*Work instruction*: Only the lines in the entries below from the line with "RAL 270 30 25" to the line with "CASARIA Sonnenliege Klappbar", both included, belong in the answer, transcribed exactly and without pictures.

*Data provided*:
◆ ◆ ◆ ◆ ◆ ◆ ◆

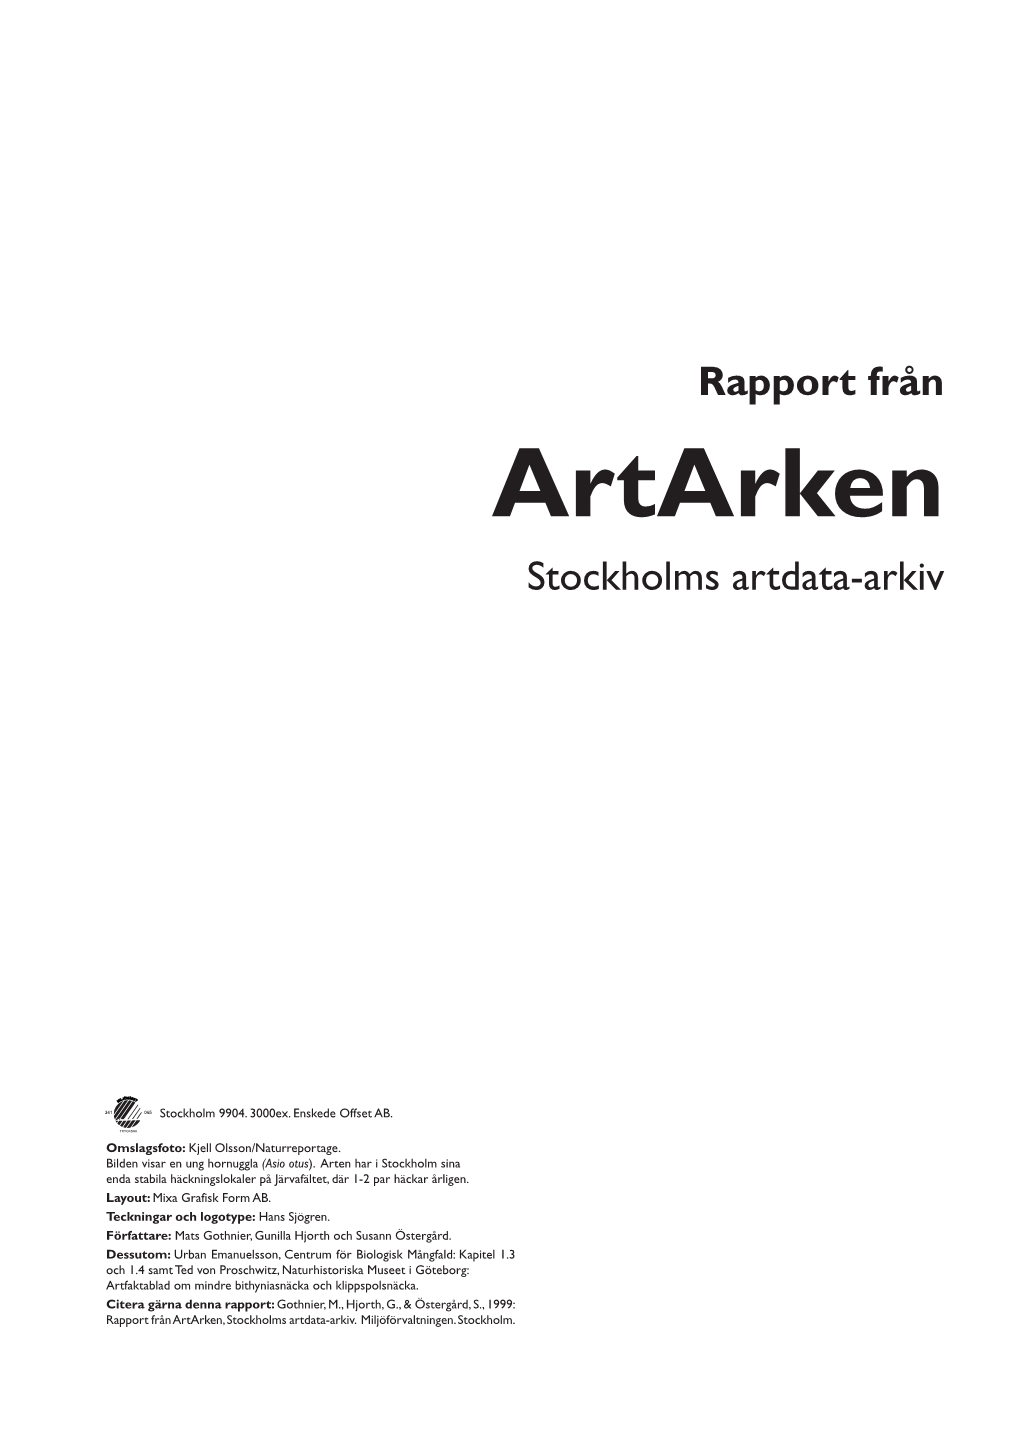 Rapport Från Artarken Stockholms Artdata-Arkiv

◆ ◆ ◆ ◆ ◆ ◆ ◆

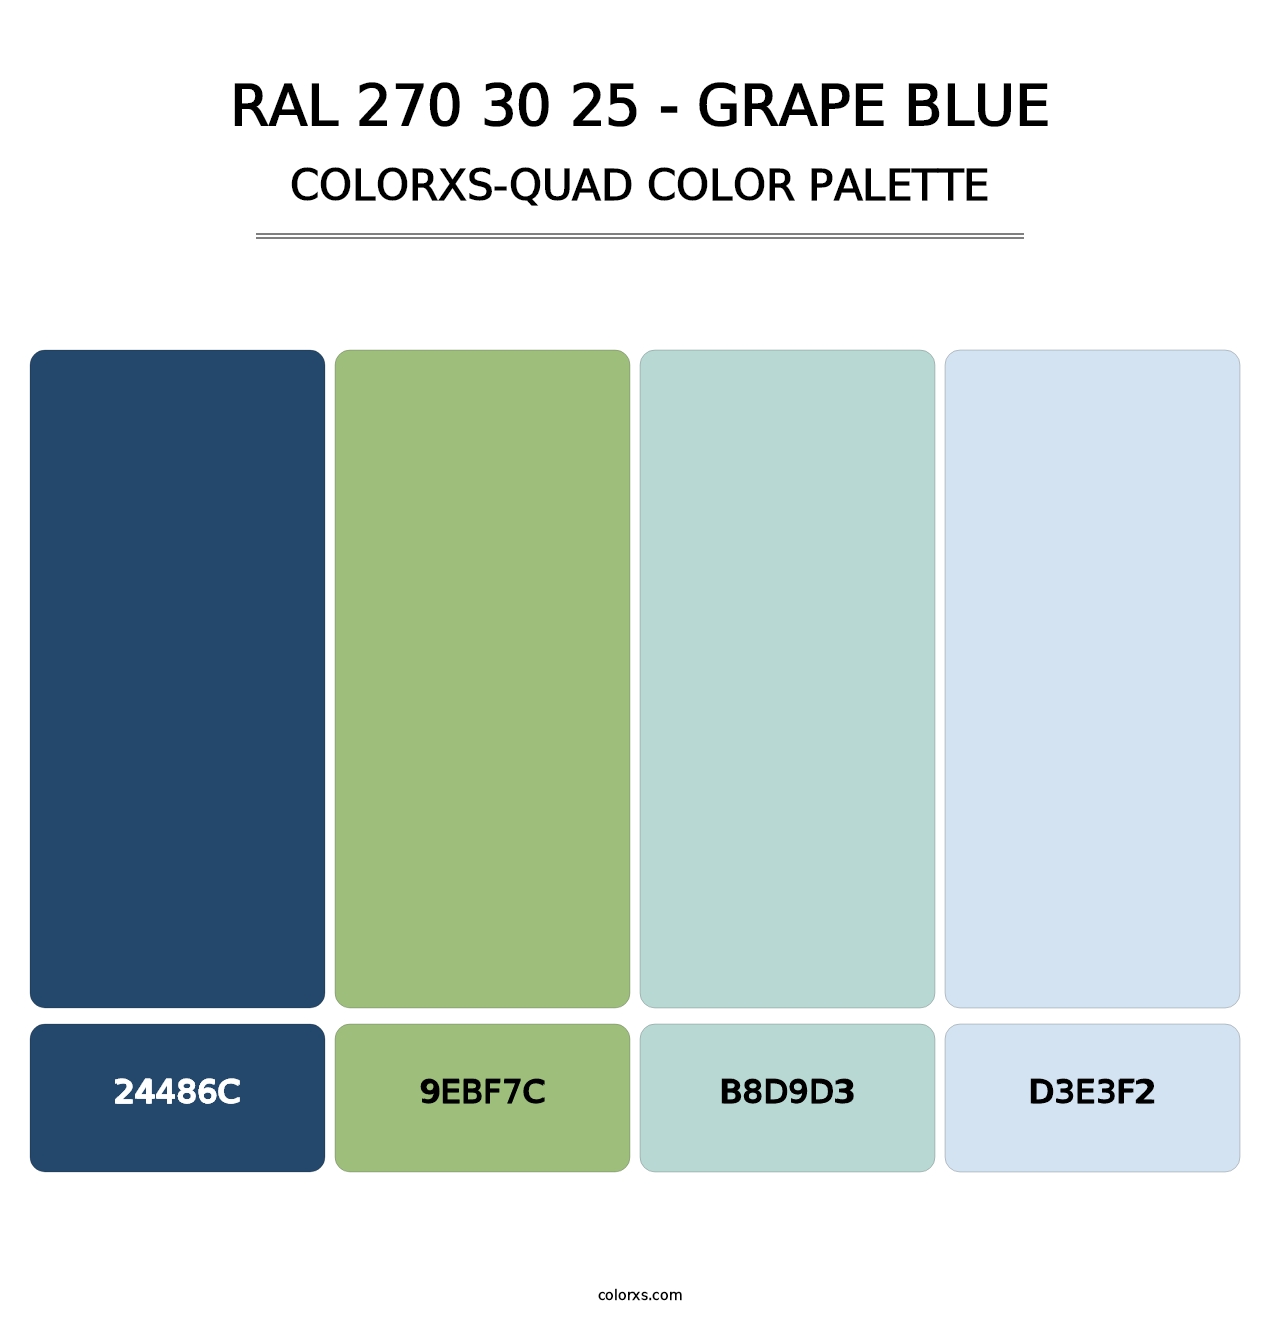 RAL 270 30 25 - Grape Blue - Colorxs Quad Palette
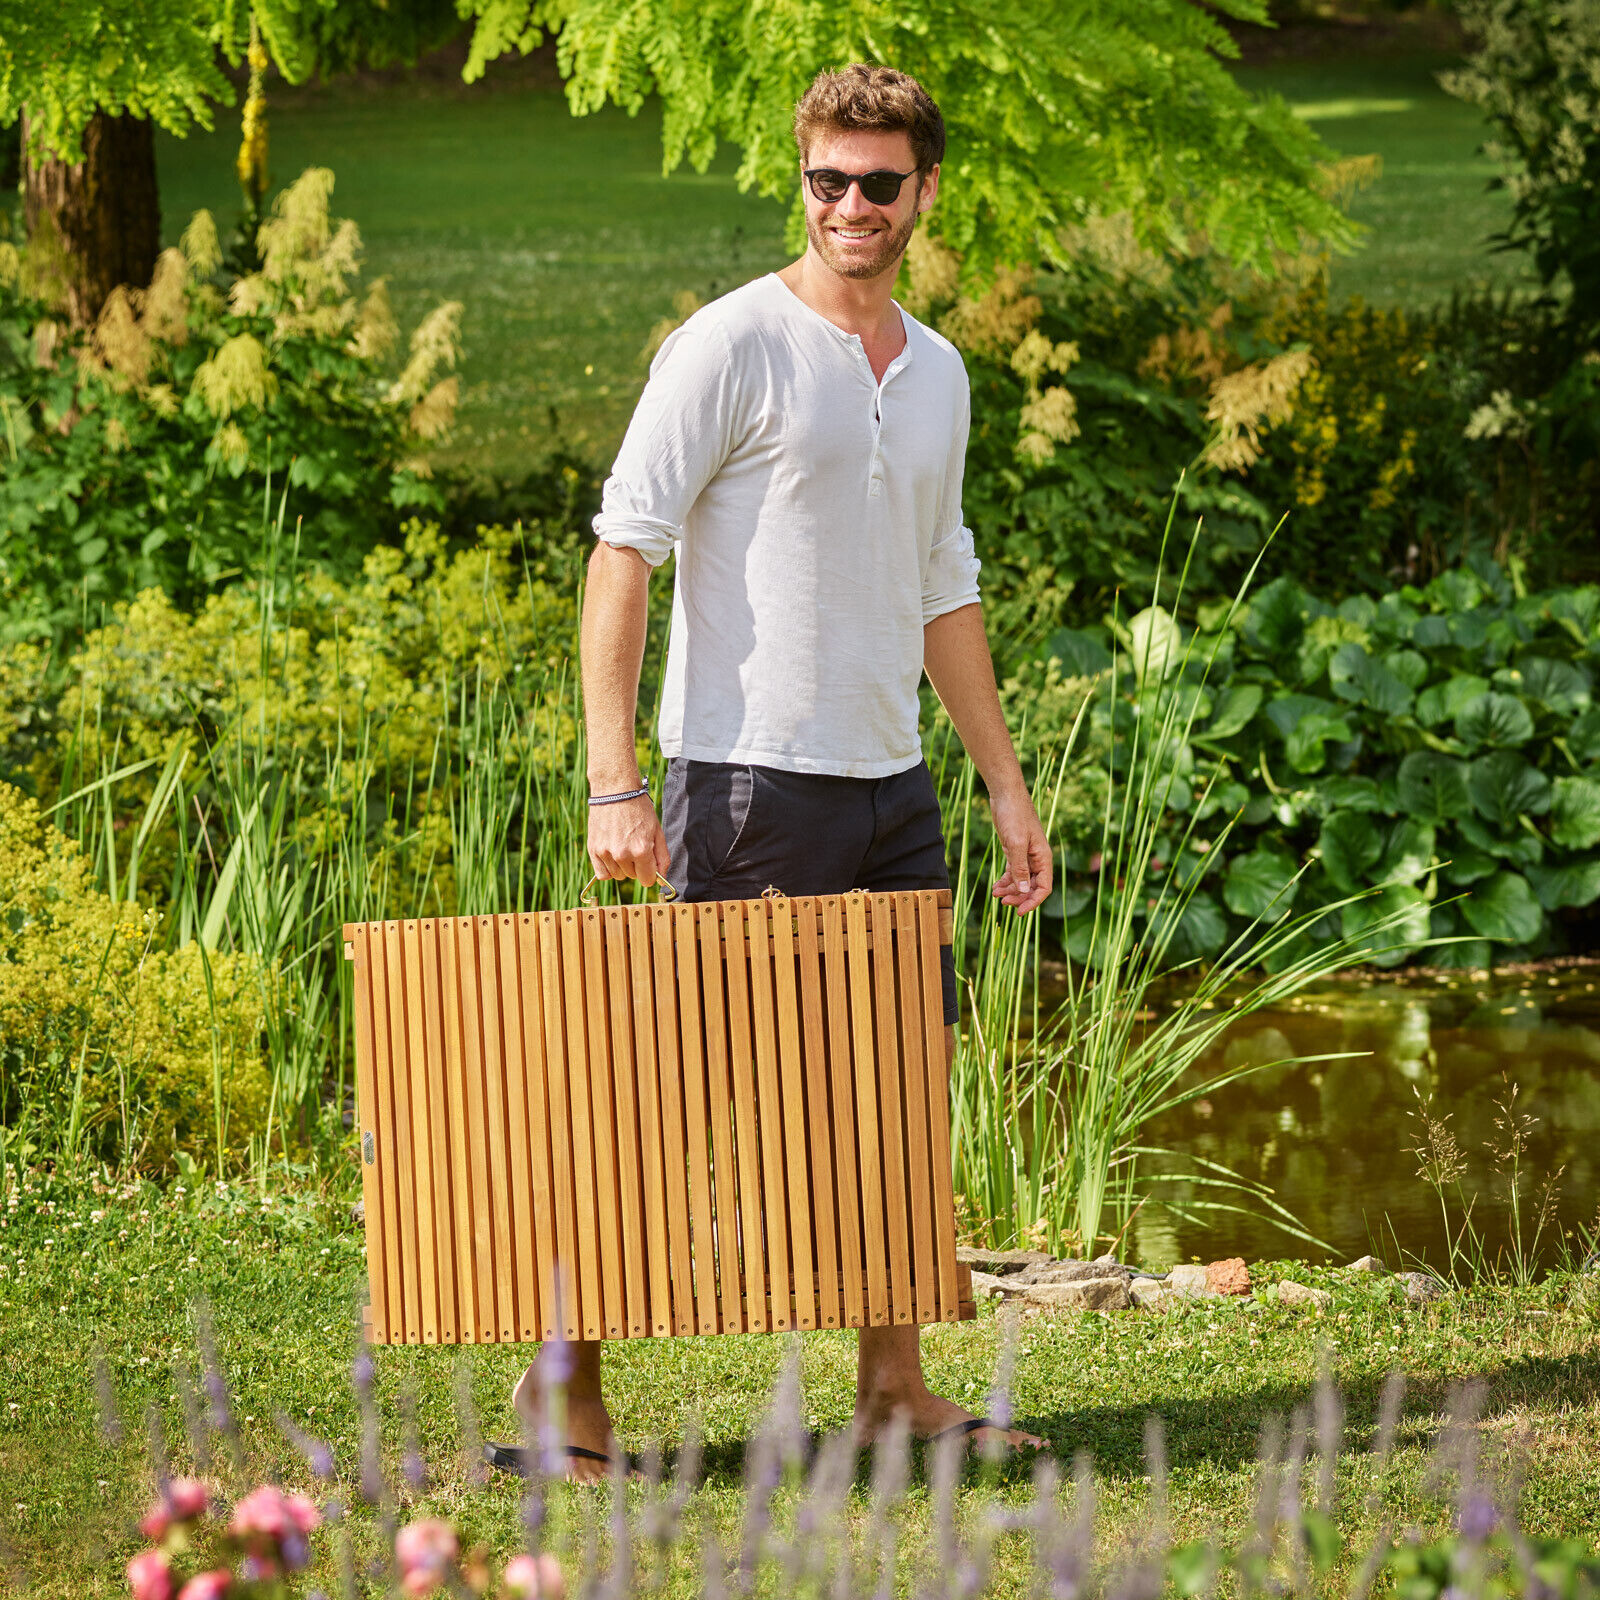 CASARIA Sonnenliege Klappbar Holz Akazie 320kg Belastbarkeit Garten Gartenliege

◆ ◆ ◆ ◆ ◆ ◆ ◆

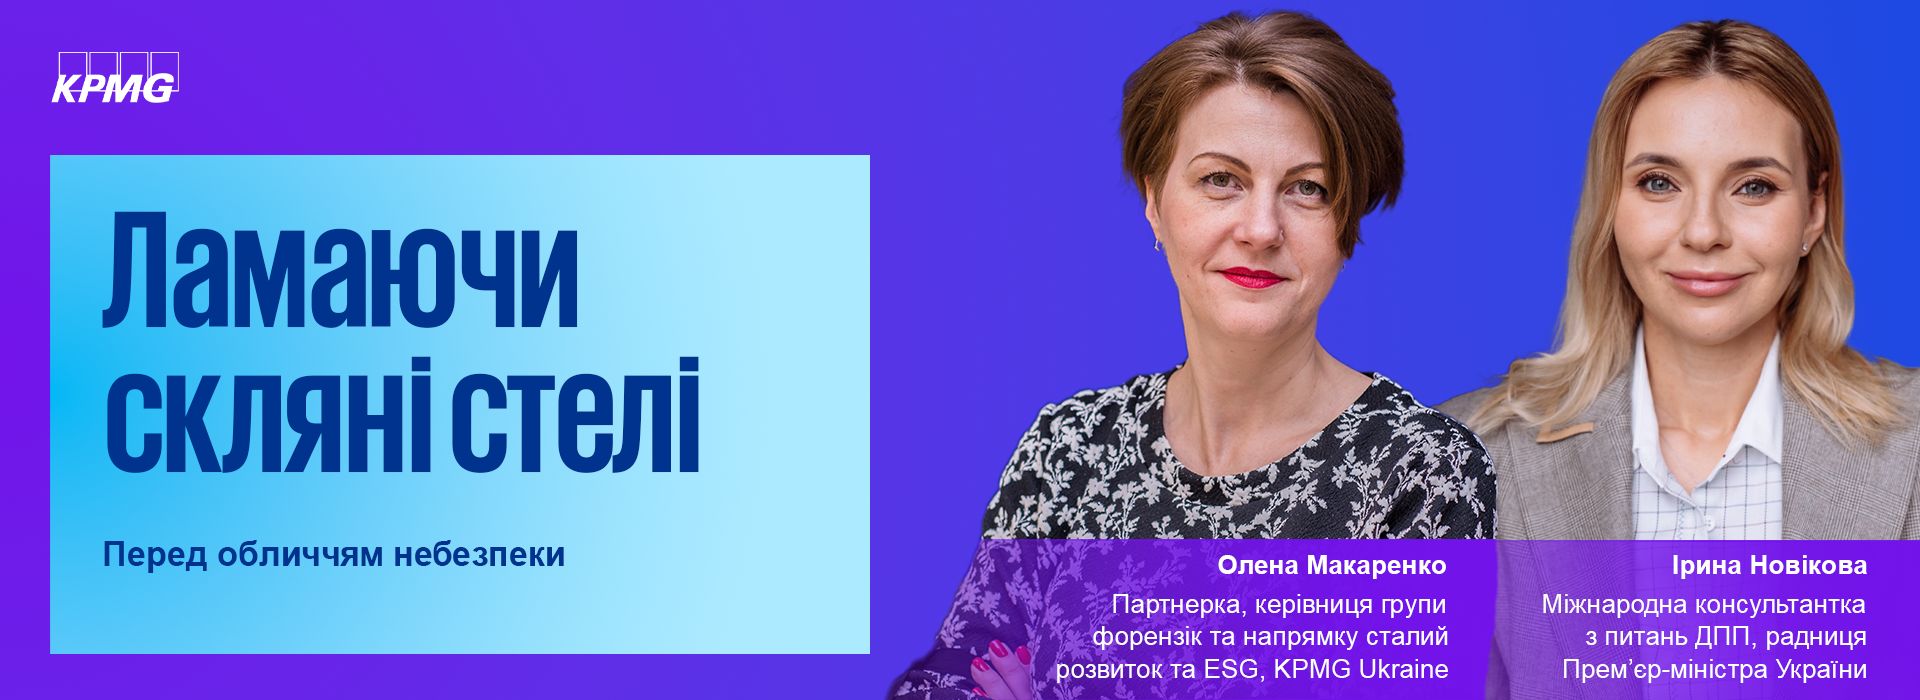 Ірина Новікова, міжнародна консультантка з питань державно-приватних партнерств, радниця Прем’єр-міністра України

◆ ◆ ◆ ◆ ◆ ◆ ◆

*Output for this exercise*:
 RAL 270 30 25 - Grape Blue - Colorxs Quad Palette
 CASARIA Sonnenliege Klappbar Holz Akazie 320kg Belastbarkeit Garten Gartenliege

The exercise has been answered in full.